Carol told me (or she WOULD HAVE if I had asked) that you do NOT have to be present to win, and any and everybody, committee members and all, CAN submit a name for the judging, which will be done when we get some names. A post it note pad will be in the rack with the newsletters for you to put the name for the cafe, and your name on, or else Carol won't know who to give the coffee to. I really don't care if you want to use the "Democratic" method of submitting, which is often, just remembering that if you submit a thousand names, you might be selected to COUNT the names. A box will be provided to drop the submissions into, and the committee, which will henceforth be known as The Committee, will determine which name wins. I suppose it is not out of the realm of possibility that Committee members might be "bought", as is our Congress, if you have a strong enough desire for a certain name, and enough money.

Online readers of this NL can submit a name, but ONLY in the cafe.

Gemini Man  copyright 2010

Sunday, October 3, 2010

TRUE ???? # 18

When Linda and I went to the cafe for dinner Friday evening, the sign on the door for the cafe open/close hours read 6:00 p.m. for closing, and we thought it should have been 8:00 p.m.. When I asked Chrissy why they were going to close early, she said the sign should be 8:00 p.m..She had made that sign only that afternoon, and there was a whole string of 6's. Chrissy had gone to the twilight zone and was just writing 6's up the kazoo, temporarily forgetting where to make an 8 instead of a 6. She fixed the sign, they stayed open until 8:00, and I had a bowl of catfish for dinner. It looked and tasted just like Chili, but I figure if I keep saying it was catfish, my stomach won't be able to tell the difference, and cholesterol be damned.

I don't know what caused it, but Sat. morning Raymond said: "One person in here likes me," and raised his hand expecting to see at least 3 hands up, counting his. Toby got really interested in something on her plate, and Chrissy started looking around for coffee cups to fill. Don't worry, Raymond, the reason I did not raise my hand was only because I had a cup of coffee in one hand and a fork or something in the other. I'm nearly sure that probably  almost nearly half of the 5 % of customers who can practically hear some of what is said probably didn't hear you.

There was a meeting of the Wild Bunch Sat. morning. I heard absolutely nothing of what was said, so any conjecture I might make would be totally baseless, even if it was true. As the ranks of the Wild Bunch thinned as members finished breakfast, the group was pared down to the Spit & Whittle club. Since Carol got rid of the spittoons and banned spitting on the floor, the meetings of the S&W club are largely uneventful. Even boring. For that reason, I have had to add to my staff. A full time SPY, codename: Mrs Beasely will henceforth be in attendance at the cafe.

On Sun. morning, a mysterious Mr.X, handed Carol a long stemmed rose. I know this to be TRUE because I saw him hand it to her. James was not in attendance, so I will just call the stranger "JACK".

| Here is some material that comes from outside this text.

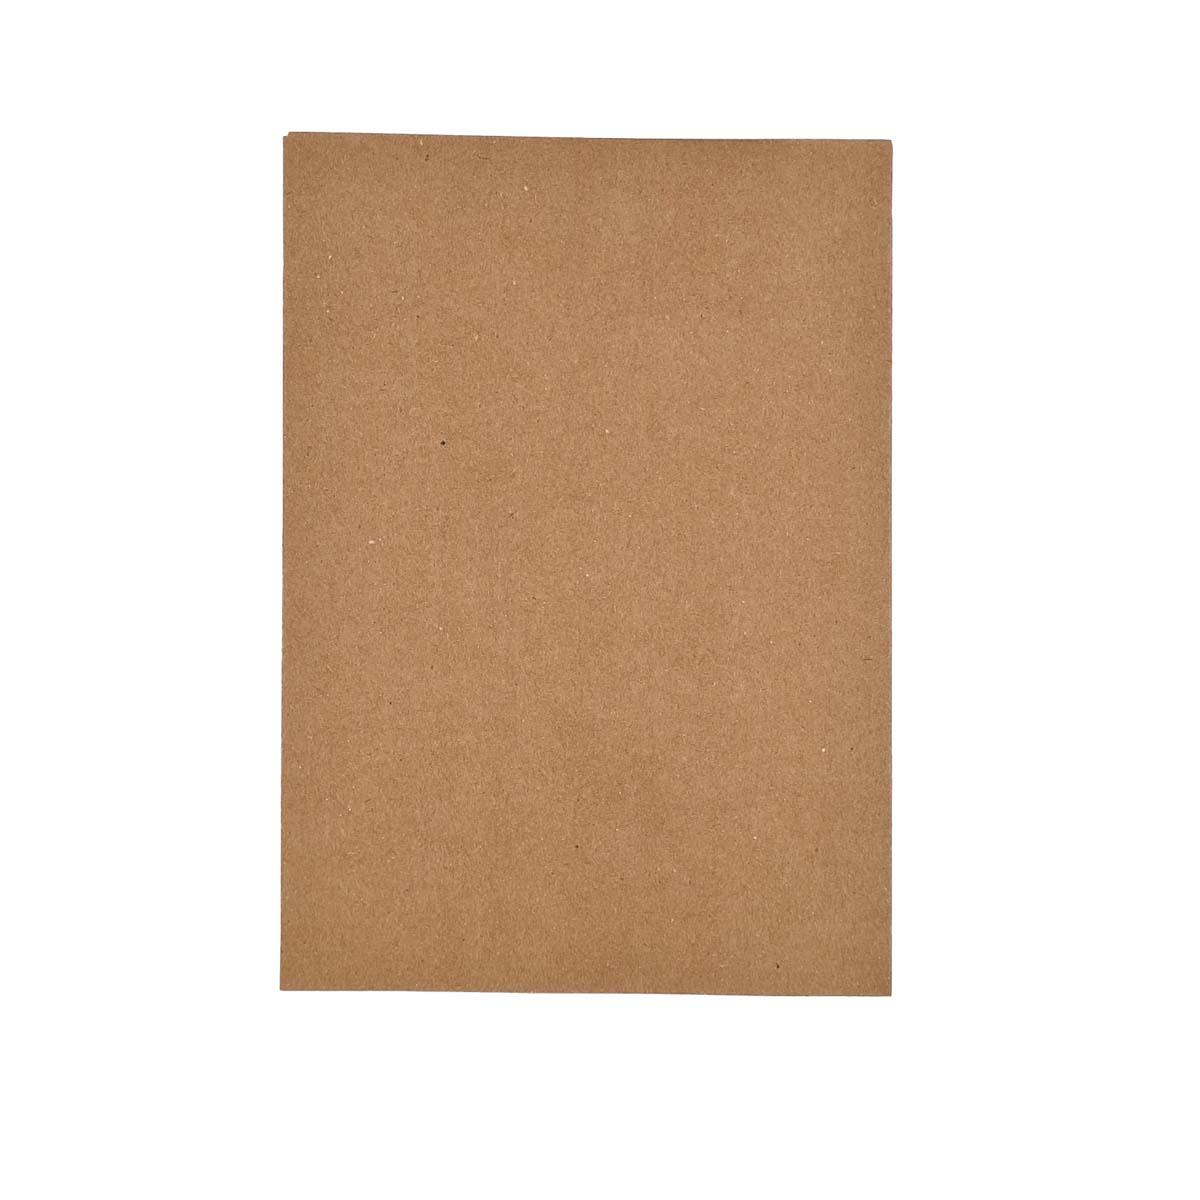 Envelope Saco kraft Natural 80g 162x229 meio A4 Foroni com 250un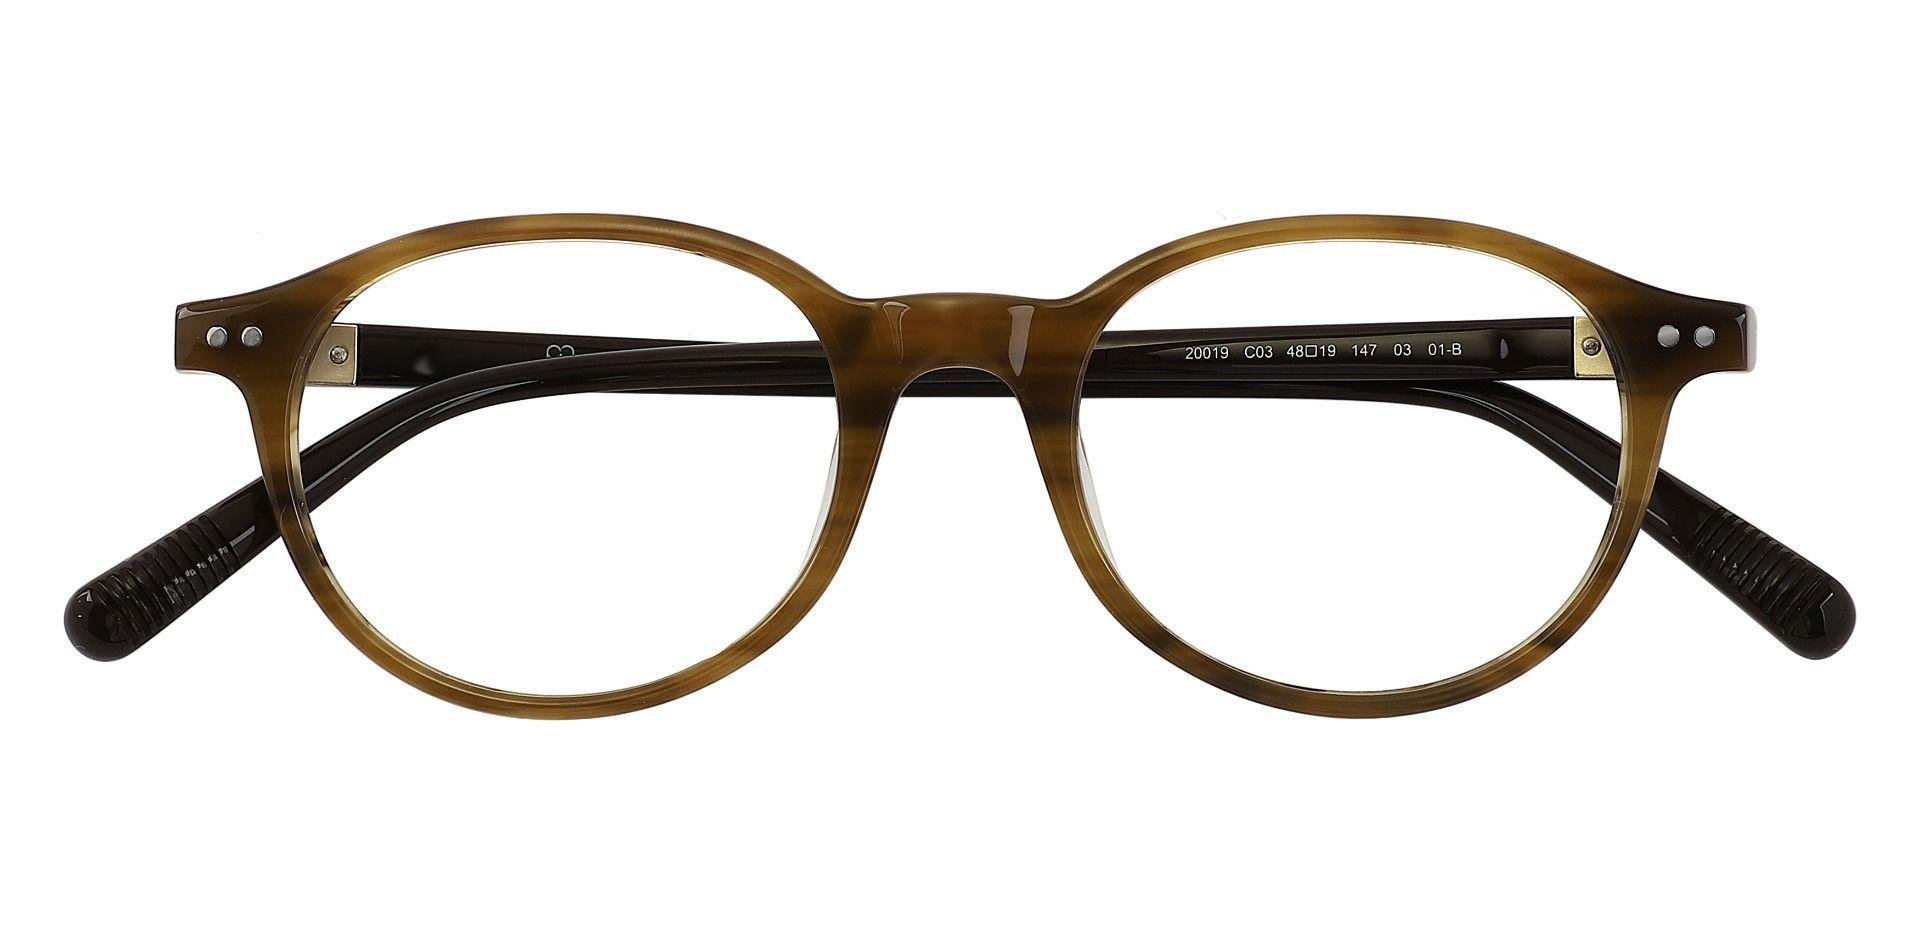 Avon Oval Progressive Glasses - Brown

Donna was long faced cause her dart team got trounced 9 to zip. I must remember to ask Curtis if he is a tee-totaler, and if not he maybe could be hired to lead the opposing dart team astray with copious amounts of John Barleycorn  JUST BEFORE a match with Donnas team. Cheating, you say? NAH! Cheating would be to hire Sharon and Sheridan and Darlene to get blitzed and play for the OTHER team. Carol would probably get in on that, except she'd rather shoot than throw darts.